As these developments were unfolding, the United States and the YPG made an interesting move. Brett McGurk, US President Barack Obama's special envoy for the anti-IS coalition, announced that "the YPG forces that completed their mission will retreat from Manbij." Two hours later, the YPG announced their retreat from Manbij and footage was released showing their withdrawal over the Euphrates River.
It was announced that the YPG forces that retreated from Manbij would join the Raqqa operation. In return for this move, the United States apparently stopped the Turkey-backed FSA groups from entering al-Bab. The YPG retreated from Manbij to keep the Turks from entering al-Bab. US officials also emphasized that they are not offering support for Turkish troops in the al-Bab region. Thus, under current circumstances, the city of al-Bab will come under control of the al-Bab Military Council that consists of local Kurdish, Arab and Turkmen fighters. Of course this will not be easy.
If this operation is completed successfully, then the Turkey-backed FSA groups will stay in their current positions. The "corridor" that the Turks have fervently opposed between Afrin and Jazeera will be open. But this corridor will not have the colors of the Kurds or the YPG, because of stern Turkish opposition and US support for Turkey. In return, the SDF and YPG fighters are expected to push harder toward Raqqa.
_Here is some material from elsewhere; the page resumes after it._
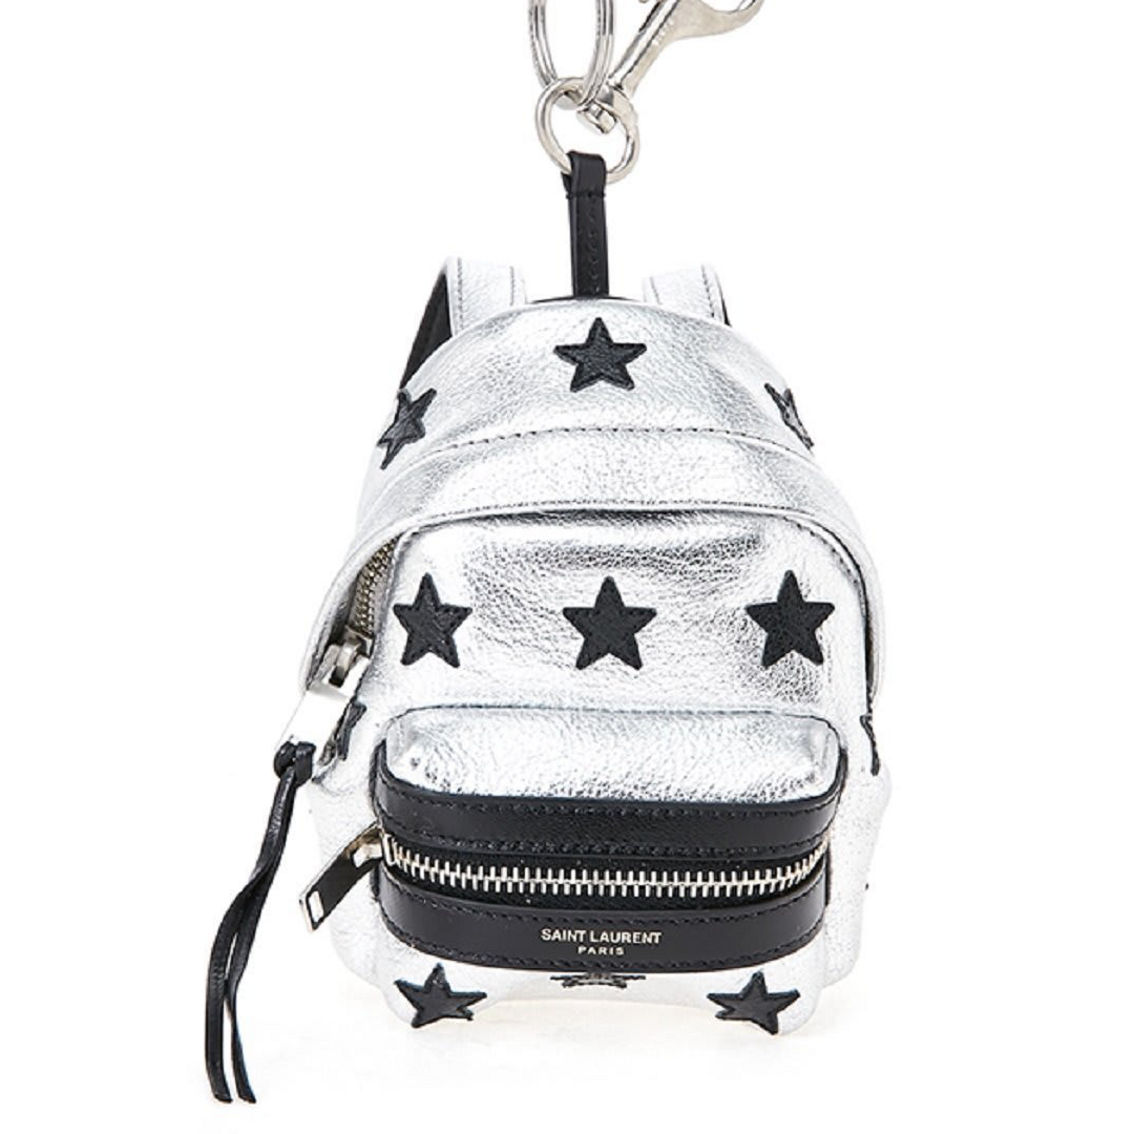 Saint Laurent Silver/Black Unisex Zip Backpack Key Chain Black Stars (New) - Image 3 of 5

Everyone in the region who spoke to Al-Monitor said that the situation will not continue as planned. Authorities in northern Syria expect Turkey to attack them at any time, and they are on alert. YPG spokesperson Firat Xelil told us Turkey has now become their primary threat. He said IS is almost defeated now, but the biggest threat is from Turkey. He added, however, that they still want to remain friendly with Turkey.
Looking at these comments, it is a matter of time for a conflict to erupt between the Turkey-backed FSA around al-Bab and Manbij and the SDF, which has a strong Kurdish element. US forces are trying to delay this conflict so the Raqqa operation isn't derailed.
If things do not go as planned but groups under Turkey's control enter al-Bab and expel IS, then al-Bab Military Council fighters will not stay passive and fight against external groups brought over by Turkey. Conflict will spread in the region. Turkey can attack Afrin and Manbij by using this conflict as an excuse. Then, the war between Turkey and the Kurds will have spread to northern Syria. This is a very worrying risk right now.
In short, unless Turkey and the Kurds reach a compromise and peace within the borders of Turkey, the cauldron will keep boiling in northern Syria. A possible reconciliation will ease Kurdish-Turkish tensions in northern Syria. But in the current situation, all signs point to clashes and more tension as the Turkish state sees the Kurds' having legal status as a great threat to its national security.